Fig. 3 Agrobacterium tumefaciens IFO135
1 is a graph showing the optimum temperature of 1,5-AG dehydrogenase of the present invention obtained by culturing No. 33.

FIG. 4 Agrobacterium tumefaciens IFO135
3 is a graph showing the temperature stability of 1,5-AG dehydrogenase of the present invention obtained by culturing No. 33.

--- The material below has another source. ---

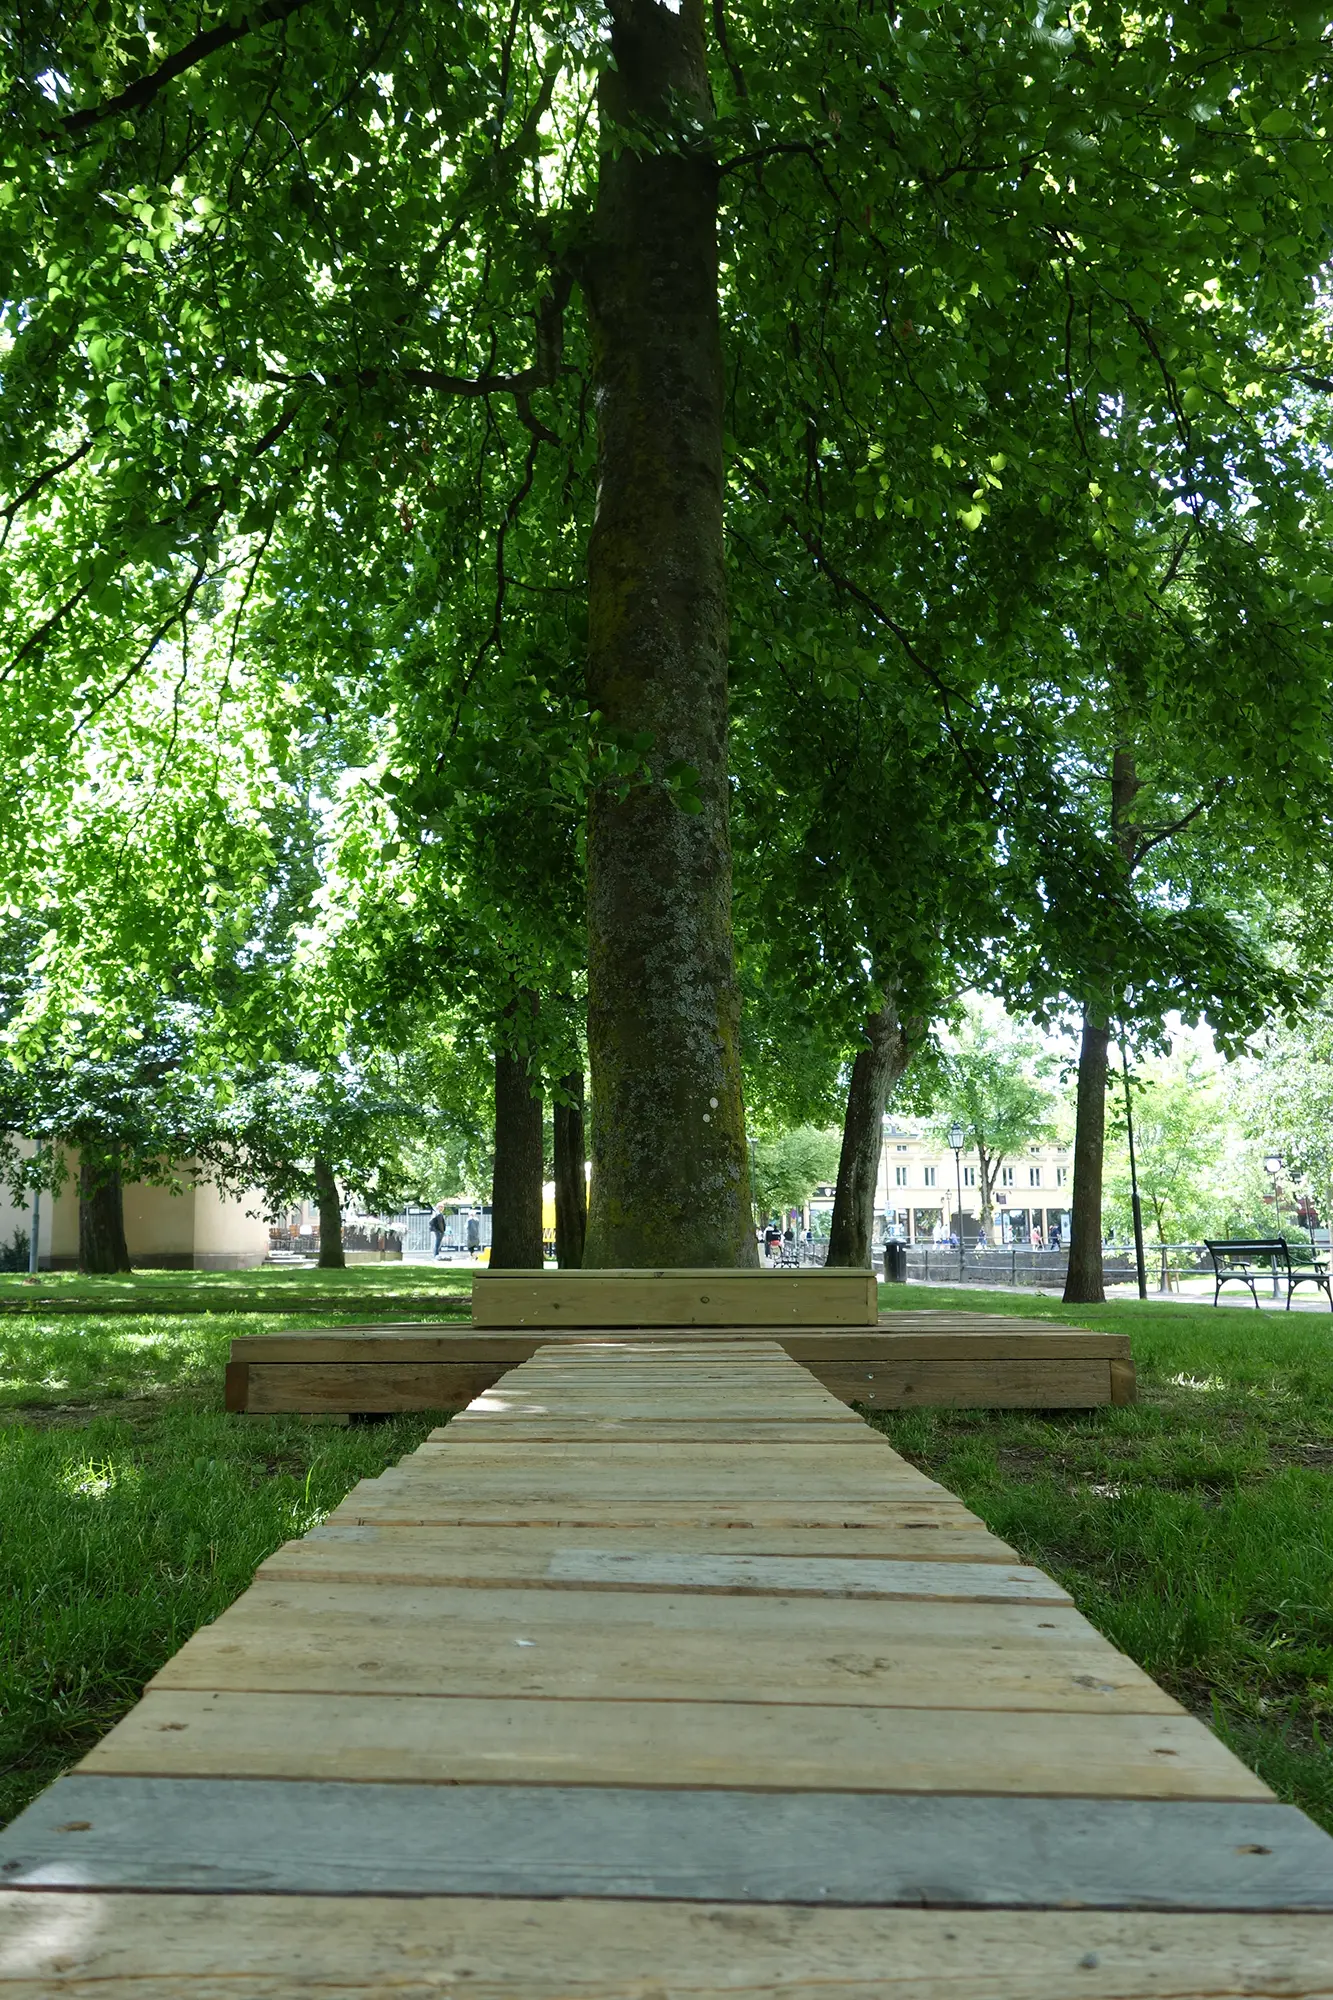 Framför ett träd i en park finns plattform formad som en väg riktad mot trädet. Runt trädet finns en rektangulär upphöjd plattform.
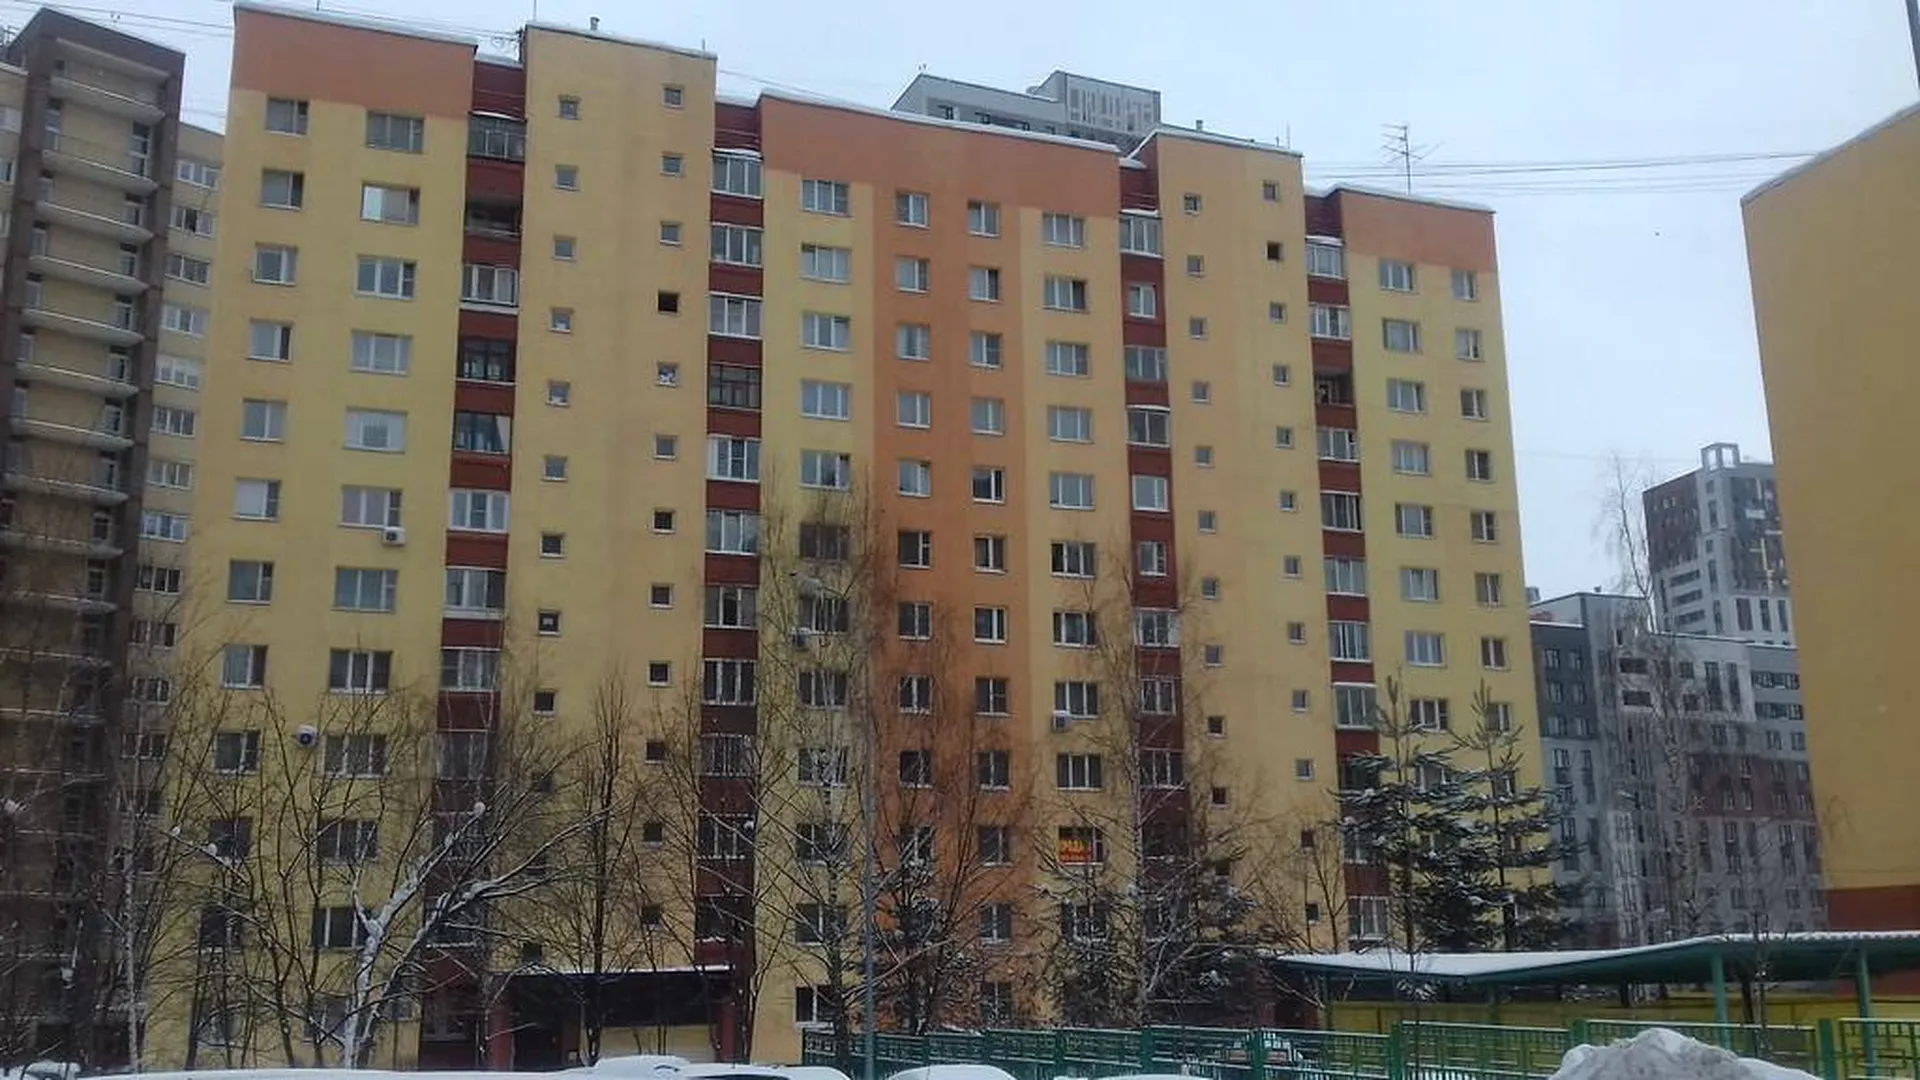 Выбросившая младенца из окна москвичка назвала себя сумасшедшей, чтобы избежать наказания

FIG. 5: Agrobacterium tumefaciens IFO135
33 is a calibration curve of 1,5-AG measurement using 1,5-AG dehydrogenase of the present invention obtained by culturing No. 33 and NTB as a reducing color former.

FIG. 6: Agrobacterium tumefaciens IFO135
3 is a calibration curve of 1,5-AG measurement using 1,5-AG dehydrogenase of the present invention obtained by culturing No. 33 and WST-1 as a reducing color former.

──────────────────────────────────────────────────続 き Continued on the front page (51) Int.Cl. ⁶ Identification code FI C12R 1:01)

Claims (6)

[Claims] 1. A 1,5-anhydroglucitol dehydrogenase having the following physicochemical properties: (1) Action: In the absence of an electron carrier, specifically acts on 1,5-anhydroglucitol to oxidize the hydroxyl group at the 2-position and catalyze the reaction of directly reducing the reducing color former. Have. (2) Substrate specificity: Strongly acts on 1,5-anhydroglucitol and weakly acts on L-sorbose. It also slightly acts on D-glucose. (3) Optimum pH: The optimum pH is around 8.0-9.0. (4) pH stability: stable at pH 7.0 to 9.0. (5) Optimum temperature: The optimum temperature is around 35-40 ° C. (6) Temperature stability: Stable at least 90% up to around 40 ° C. (7) Electron acceptor: In addition to 2,6-dichlorophenolindophenol, ferricyan compound, etc., a reducing color former can also be used. In addition, coenzymes such as NAD and NADP and dissolved enzymes cannot be used. (8) Molecular weight: The molecular weight determined by dodecyl sulfate-polyacrylamide electrophoresis is about 55,000. 2. The 1,5-anhydroglucitol according to claim 1, which is produced by a microorganism belonging to the genus Agrobacterium and capable of producing 1,5-anhydroglucitol dehydrogenase. Dehydrogenase. 3. A microorganism belonging to the genus Agrobacterium and capable of producing 1,5-anhydroglucitol dehydrogenase is cultured in a nutrient medium, and 1,5-anhydroglucitol is contained in the membrane fraction. A method for producing 1,5-anhydroglucitol dehydrogenase, which comprises producing and accumulating dehydrogenase, and collecting the resulting dehydrogenase. 4. The method according to claim 3, wherein the microorganism belonging to the genus Agrobacterium and capable of producing 1,5-anhydroglucitol dehydrogenase is Agrobacterium tumefaciens. 5. A sample containing 1,5-anhydroglucitol, which is reacted with the 1,5-anhydroglucitol dehydrogenase according to claim 1 in the presence of a reducing color former to form a sample. Measuring the reduced color forming substance
Determination of anhydroglucitol. 6. The method according to claim 5, wherein the reducing color former is tetrazolium or a salt thereof.